→ Dataset content

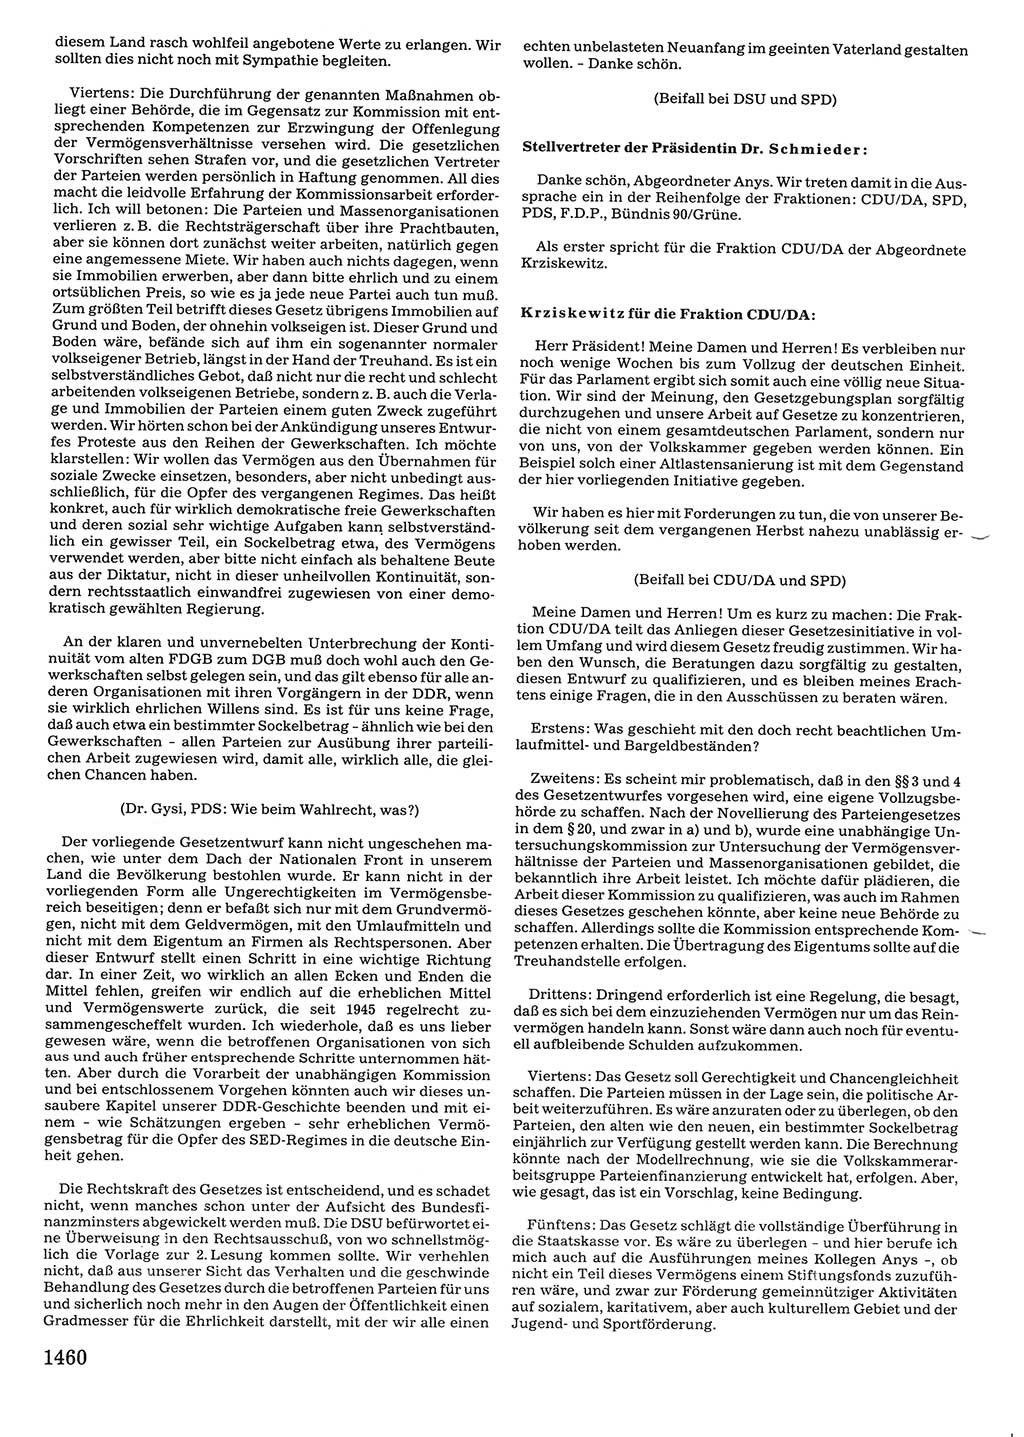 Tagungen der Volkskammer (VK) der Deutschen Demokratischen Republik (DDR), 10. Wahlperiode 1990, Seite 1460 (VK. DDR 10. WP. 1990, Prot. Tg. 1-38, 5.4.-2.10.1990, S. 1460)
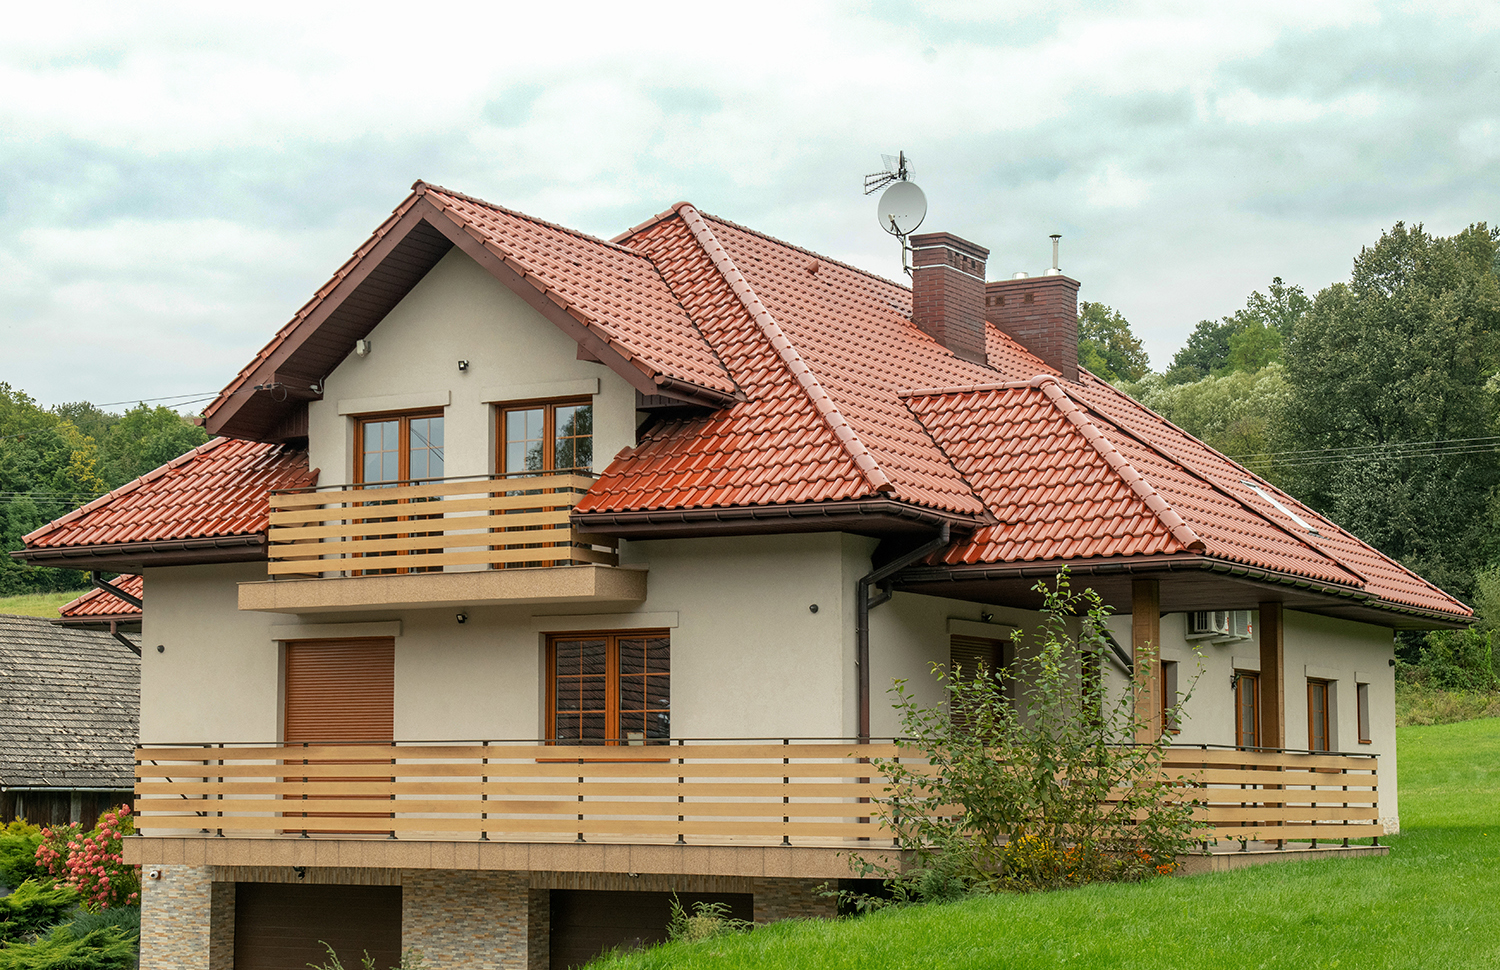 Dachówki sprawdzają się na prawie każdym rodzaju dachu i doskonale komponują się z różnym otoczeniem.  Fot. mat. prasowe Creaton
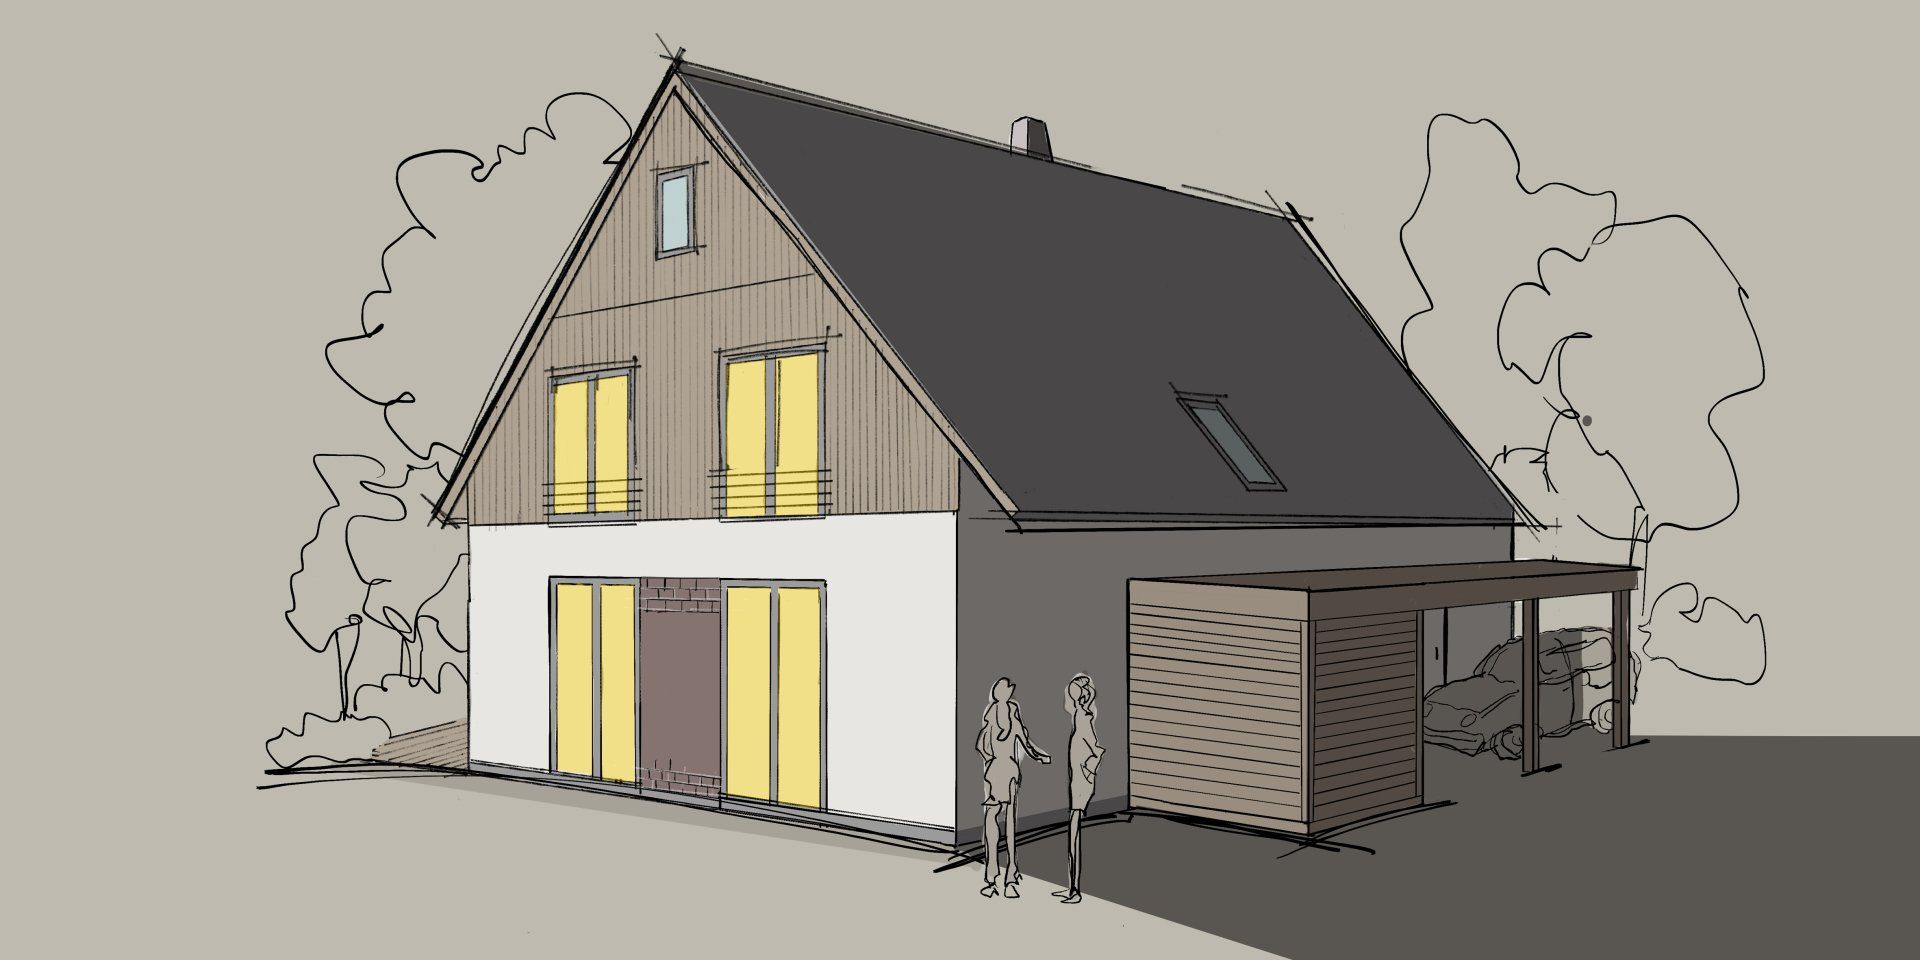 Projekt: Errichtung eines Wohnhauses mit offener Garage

→ The task
Please copy exactly the lines from the one that contains "Dachówki sprawdzają się" through the last line of the listing above, leaving out the pictures.

→ Response below
 Dachówki sprawdzają się na prawie każdym rodzaju dachu i doskonale komponują się z różnym otoczeniem.  Fot. mat. prasowe Creaton
 Projekt: Errichtung eines Wohnhauses mit offener Garage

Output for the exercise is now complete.